We defined expertise as having performed more than the median number of operations. In greater generality, we might represent expertise in more detail, for instance according to the actual number of previous operations carried out, during residency training, since completion of training, or in some period immediately before the start of the randomized trial. More detailed control of the expertise effect would be desirable in situations where it is known that a considerable amount of experience is required before no further improvements to patient outcomes might be anticipated, such as was mentioned for hernial surgery. This type of an example suggests that a run-in period or other requirement that clinicians have been involved within some minimal number of cases before the start of the study may not resolve the problem of differential expertise bias in the conventional design.
In our description of the EB design, we have focused on the notion that patients are randomized to a surgeon who has expertise in one technique or the other. We also mentioned the possibility of a hybrid design, to include surgeons who are expert in both techniques, and whose patients would therefore be randomized to interventions as usual. It is possible that surgeons may have had experience with both interventions, but they might state that they do not have a preference for either. Here the crucial question would be whether they have greater expertise in one or the other of the interventions. If they do, then the EB design is still relevant. If a surgeon has truly no preference and equal expertise in both techniques, then they could either participate in a conventional design or the hybrid design, depending on the beliefs and expertise of the other participating surgeons.
There is the possibility that some surgeons may be ‘intrinsically innovative’ and relatively willing to acquire new skills with alternative surgical techniques. In contrast, traditional surgeons may not be as willing to change. It is clear that we would not wish to force the traditional surgeons into attempting a new technique with which they were uncomfortable, but such surgeons can nevertheless participate in an EB trial design on the conventional technique. If the trial results suggest better patient outcomes for the innovative technique, one would then need to consider the necessary training that would be required in order to permit the ‘traditional’ surgeons to incorporate the new technique into their clinical practice.

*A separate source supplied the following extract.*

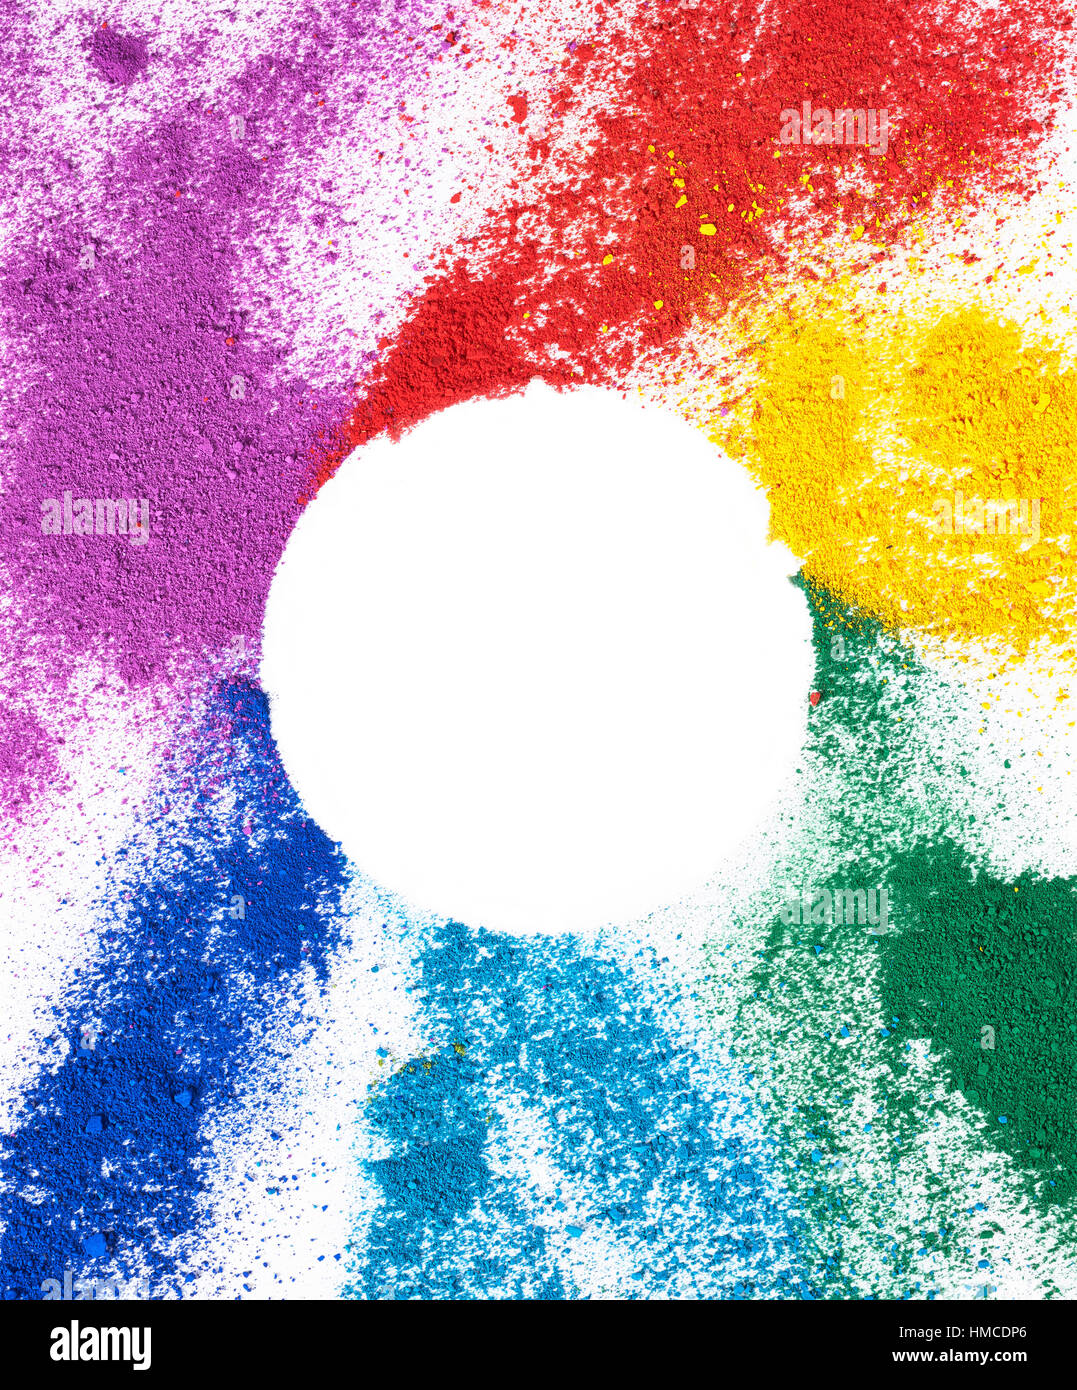 Polvos de colores brillantes sobre un fondo completamente blanco con un círculo blanco en el centro de la imagen. Foto de stock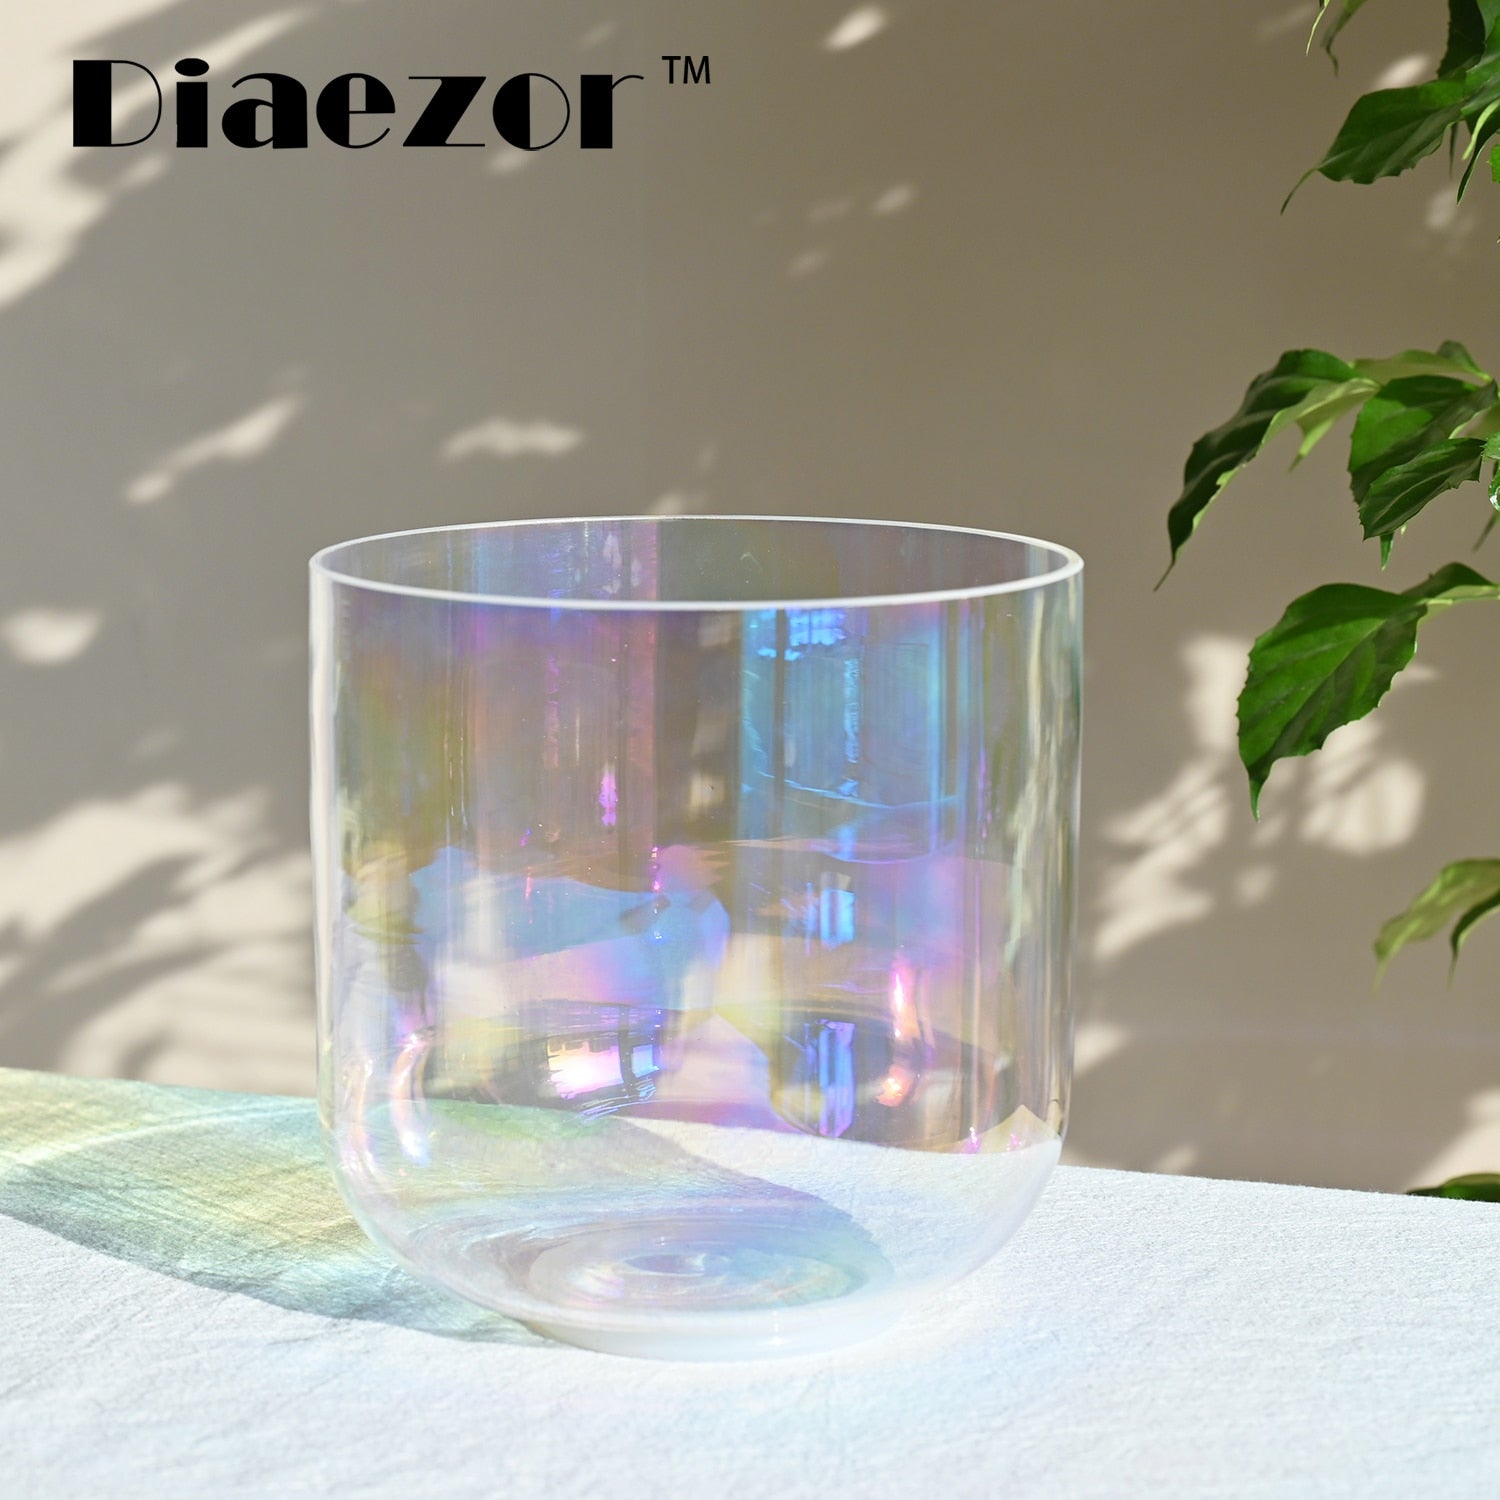 Clear Alchemy Quartz Crystal Singing Bowl for Sound Healing 7 Inch 432Hz

In summary, we feel that the ED design offers some attractive features, both to participating clinicians and to patients. The EB design does offer a number of potential advantages, including the minimization of differential expertise bias, reducing the impact of having unblinded interventions, reducing treatment crossovers, and potentially greater ethical strength. We recognize that disadvantages include the confounding of surgeons for treatment, and potentially limited generalizability. However, the conventional design may also have limited generalizability if clinicians are required to use interventions for which they have less experience. We primarily advocate the EB design for common surgeries (and other clinical interventions) for which it is felt that all competent clinicians could develop expertise, if the study results suggested that this was appropriate. However, more experience is needed to assess its practical feasibility, and to evaluate its statistical properties relative to the conventional randomized trial design. The framework given in this paper provides a first step in this direction.